Poster
Monitoring machine learning-based risk prediction algorithms in the presence of performativity
Jean Feng · Alexej Gossmann · Gene Pennello · Nicholas Petrick · Berkman Sahiner · Romain Pirracchio
MR1 & MR2 - Number 72
Performance monitoring of machine learning (ML)-based risk prediction models in healthcare is complicated by the issue of performativity: when an algorithm predicts a patient to be at high risk for an adverse event, clinicians are more likely to administer prophylactic treatment and alter the very target that the algorithm aims to predict. A simple approach is to ignore performativity and monitor only the untreated patients, whose outcomes remain unaltered. In general, ignoring performativity may inflate Type I error because (i) untreated patients disproportionally represent those with low predicted risk, and (ii) changes in the clinician's trust in the ML algorithm and the algorithm itself can induce complex dependencies that violate standard assumptions.
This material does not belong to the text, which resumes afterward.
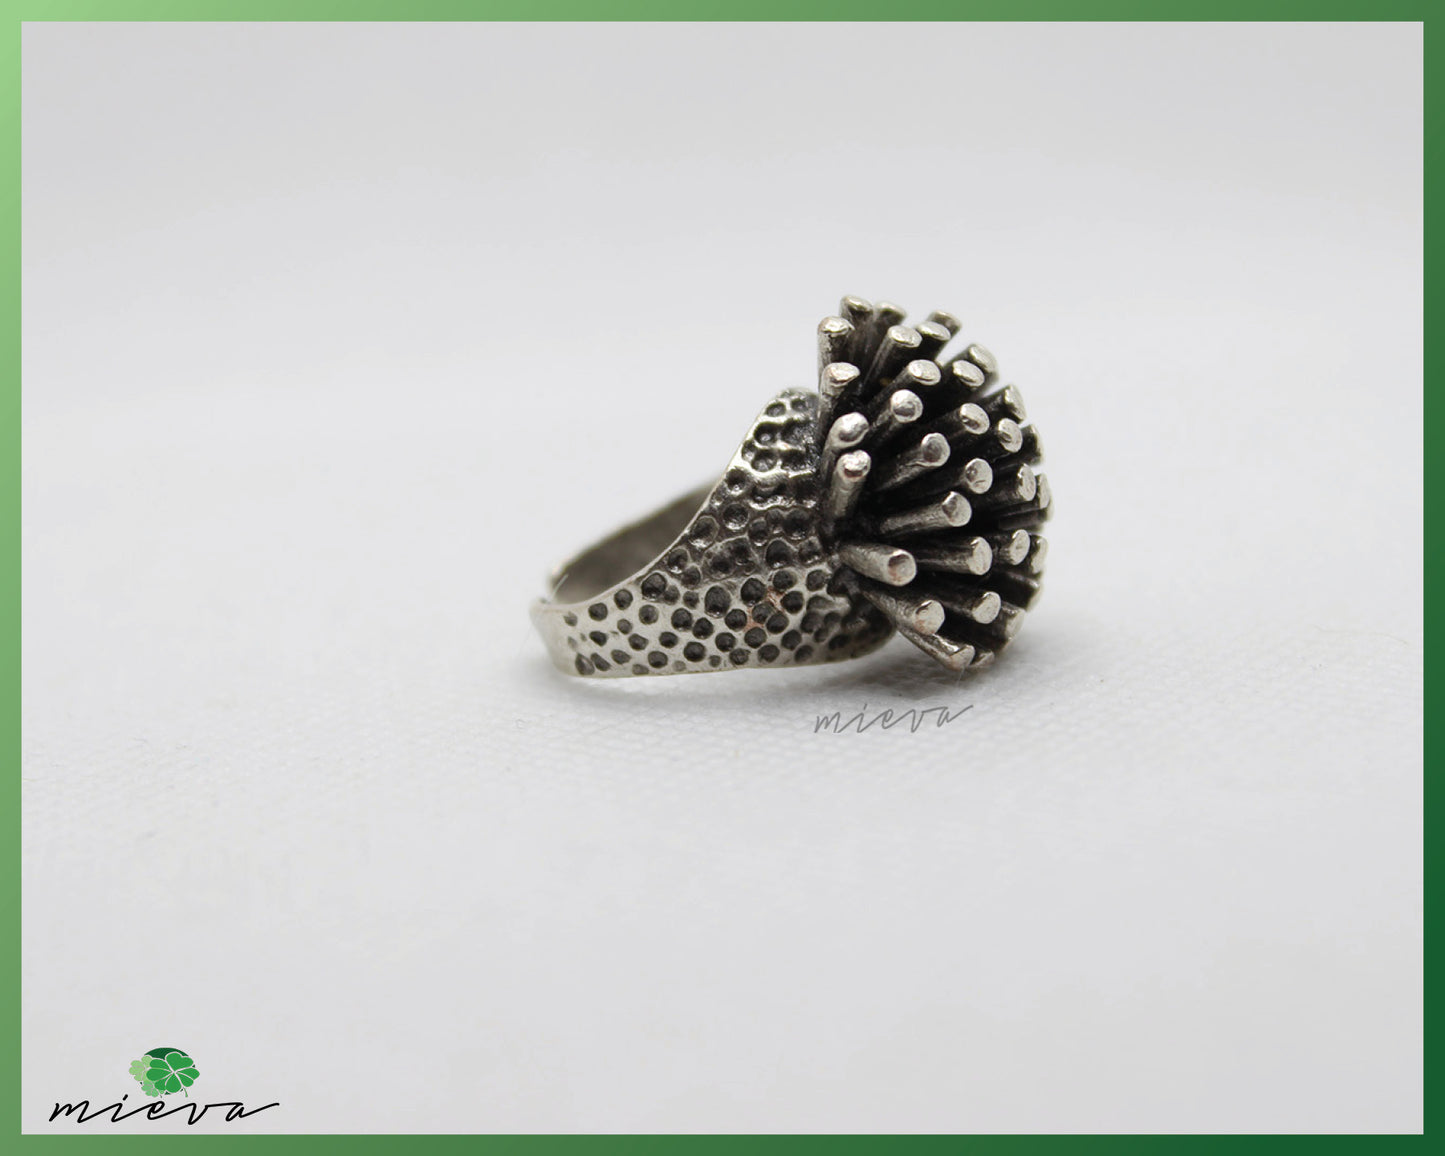 Unique Silver Sea Urchin Inspired Ring

Nevertheless, we show that valid inference is still possible when monitoring \textit{conditional} rather than marginal performance measures under either the assumption of conditional exchangeability or time-constant selection bias. Finally, performativity can vary over time and induce nonstationarity in the data, which presents challenges for monitoring. To this end, we introduce a new score-based cumulative sum (CUSUM) monitoring procedure with dynamic control limits. Through extensive simulation studies, we study applications of the score-based CUSUM and how it is affected by various factors, including the efficiency of model updating procedures and the level of clinician trust. Finally, we apply the procedure to detect calibration decay of a risk model during the COVID-19 pandemic.